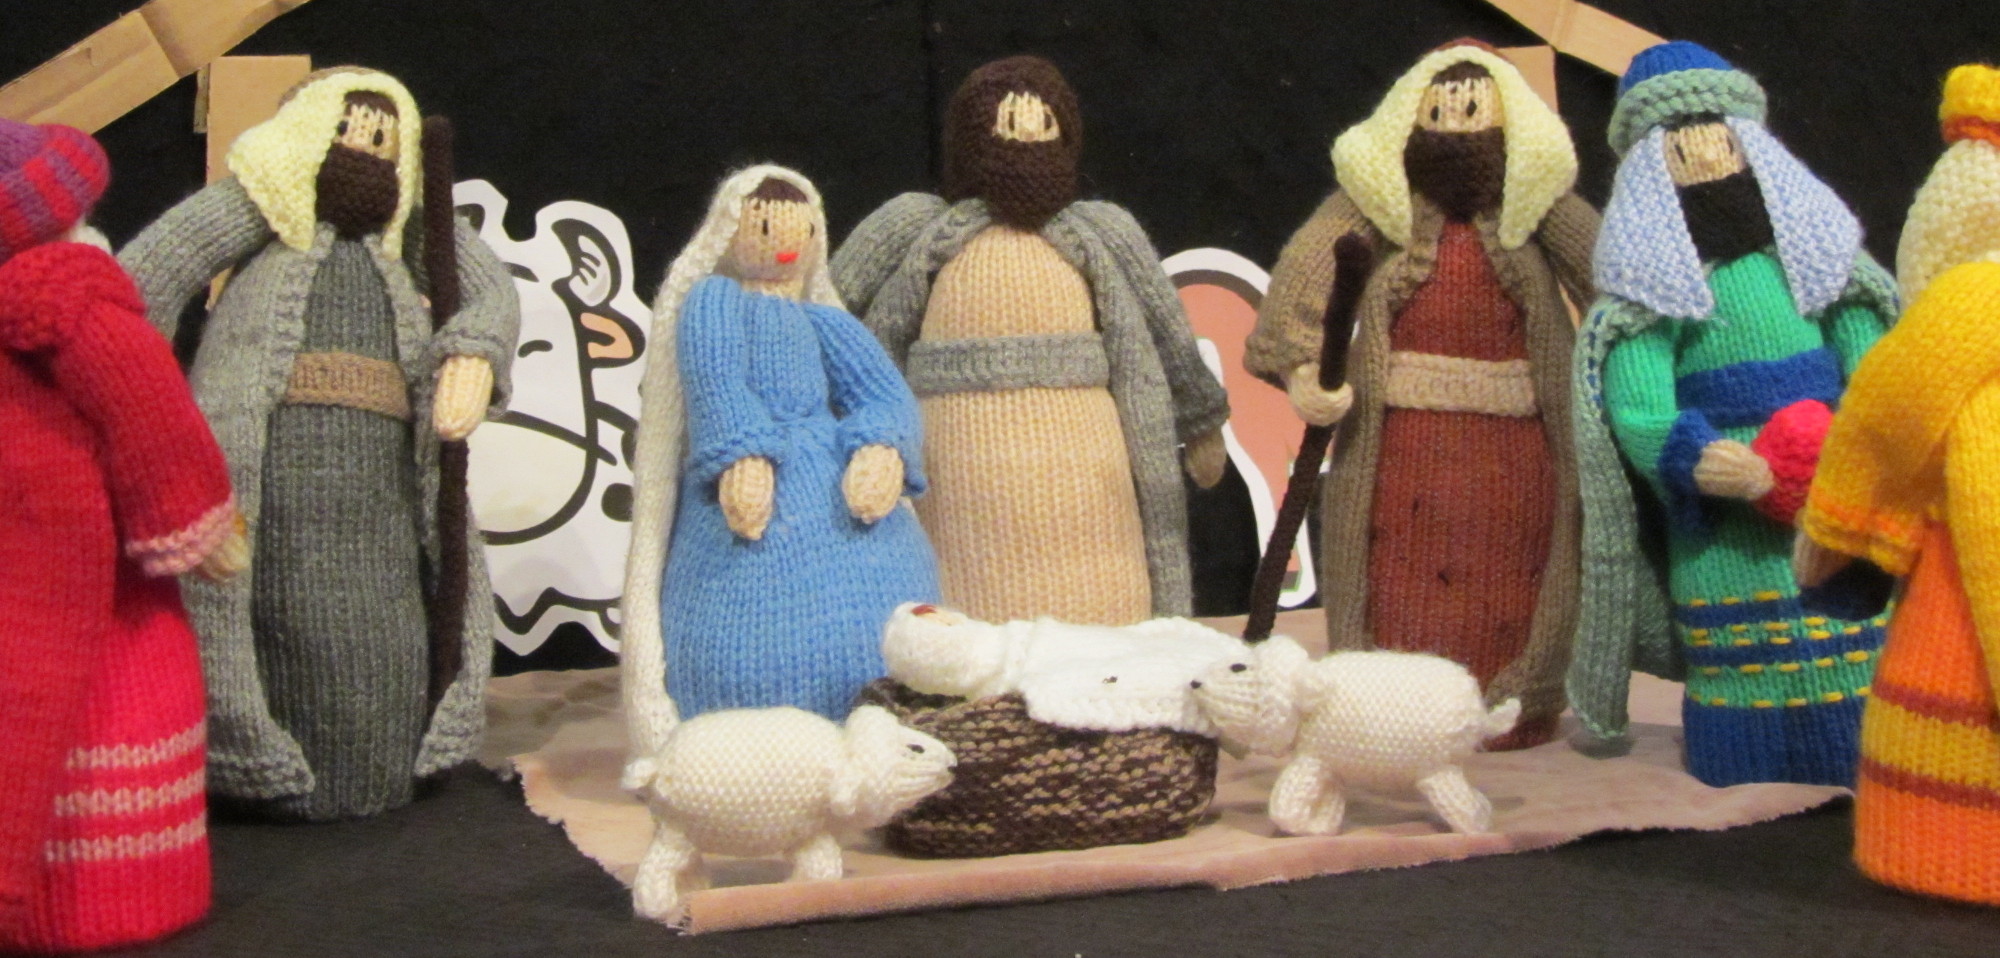 Children’s Toy Shepherd's Crook Staff School Kids Christmas Play Nativity 168cm 
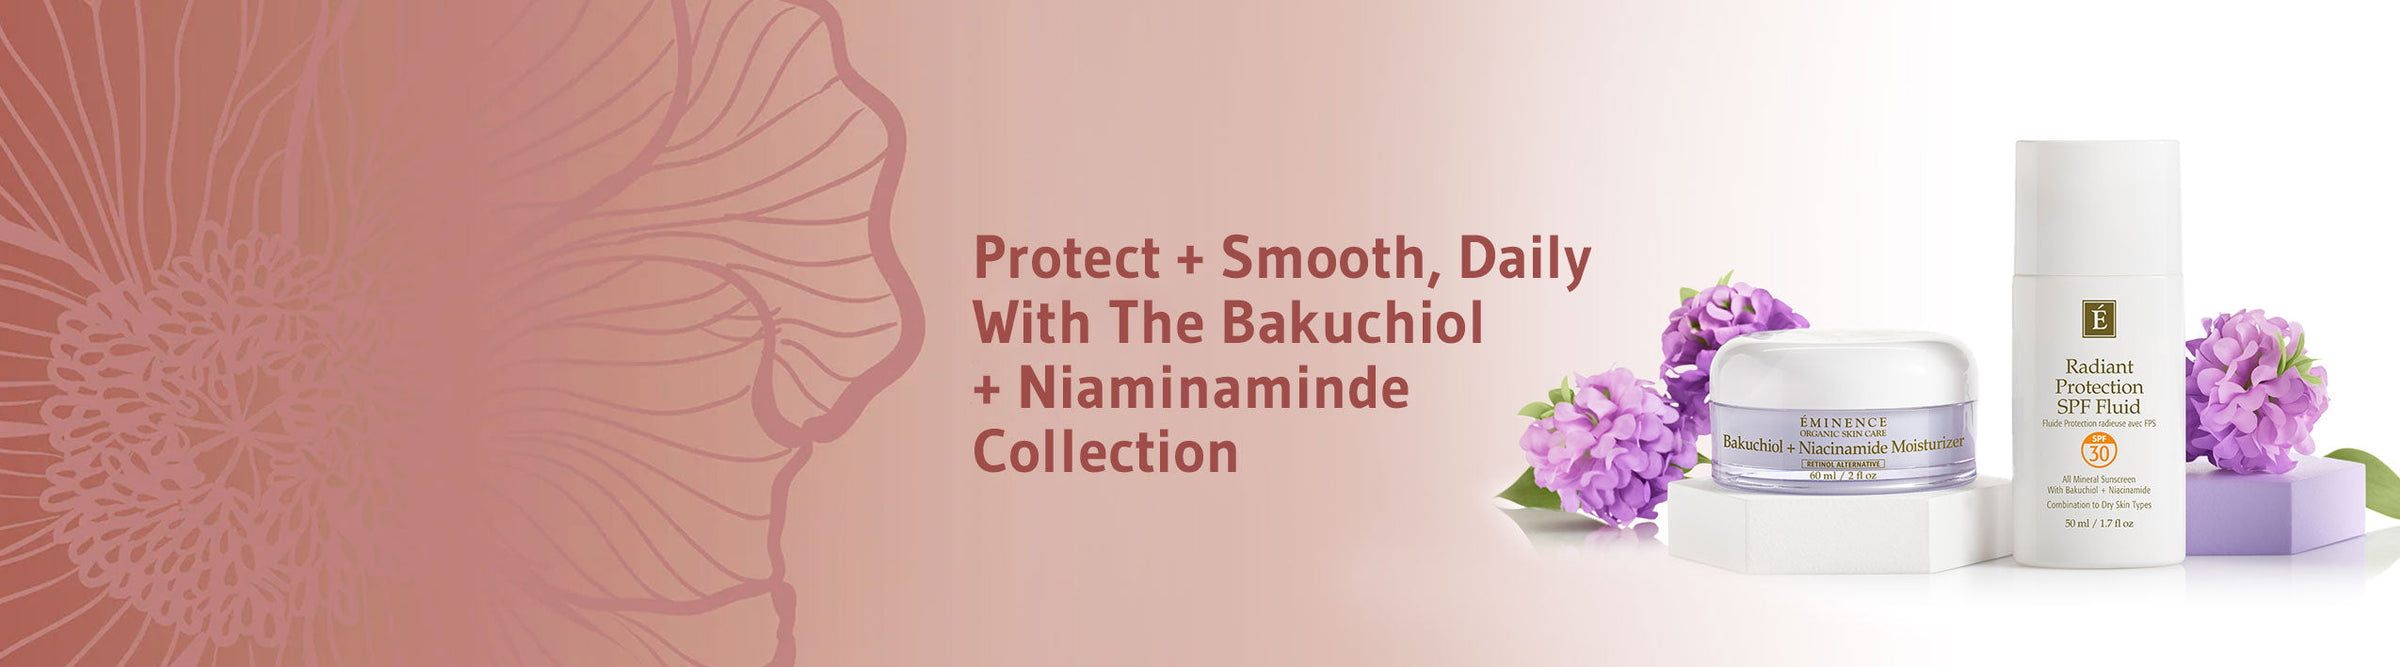 Eminence Organics Bakuchiol + Niacinamide Collection
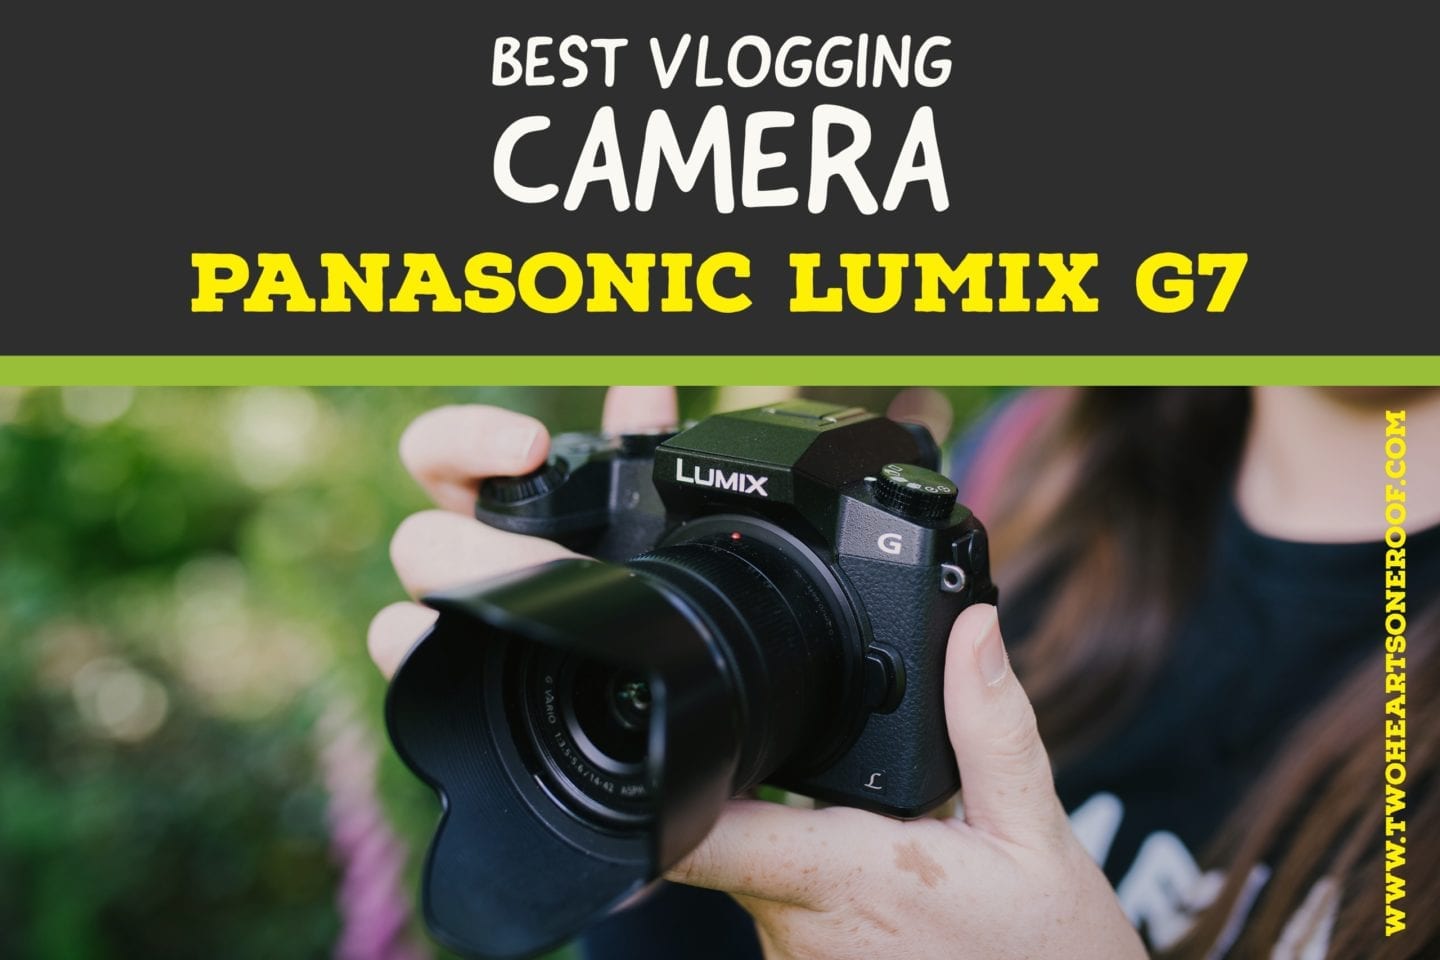 Our New Vlogging Camera-Goodbye Sony Hello Panasonic G7
=-=-=
> [TASK DIRECTIONS]:
Print the listing exactly, images excluded.

> [RESPONSE]:
 Children’s Toy Shepherd's Crook Staff School Kids Christmas Play Nativity 168cm 
 Eminence Organics Bakuchiol + Niacinamide Collection
 Our New Vlogging Camera-Goodbye Sony Hello Panasonic G7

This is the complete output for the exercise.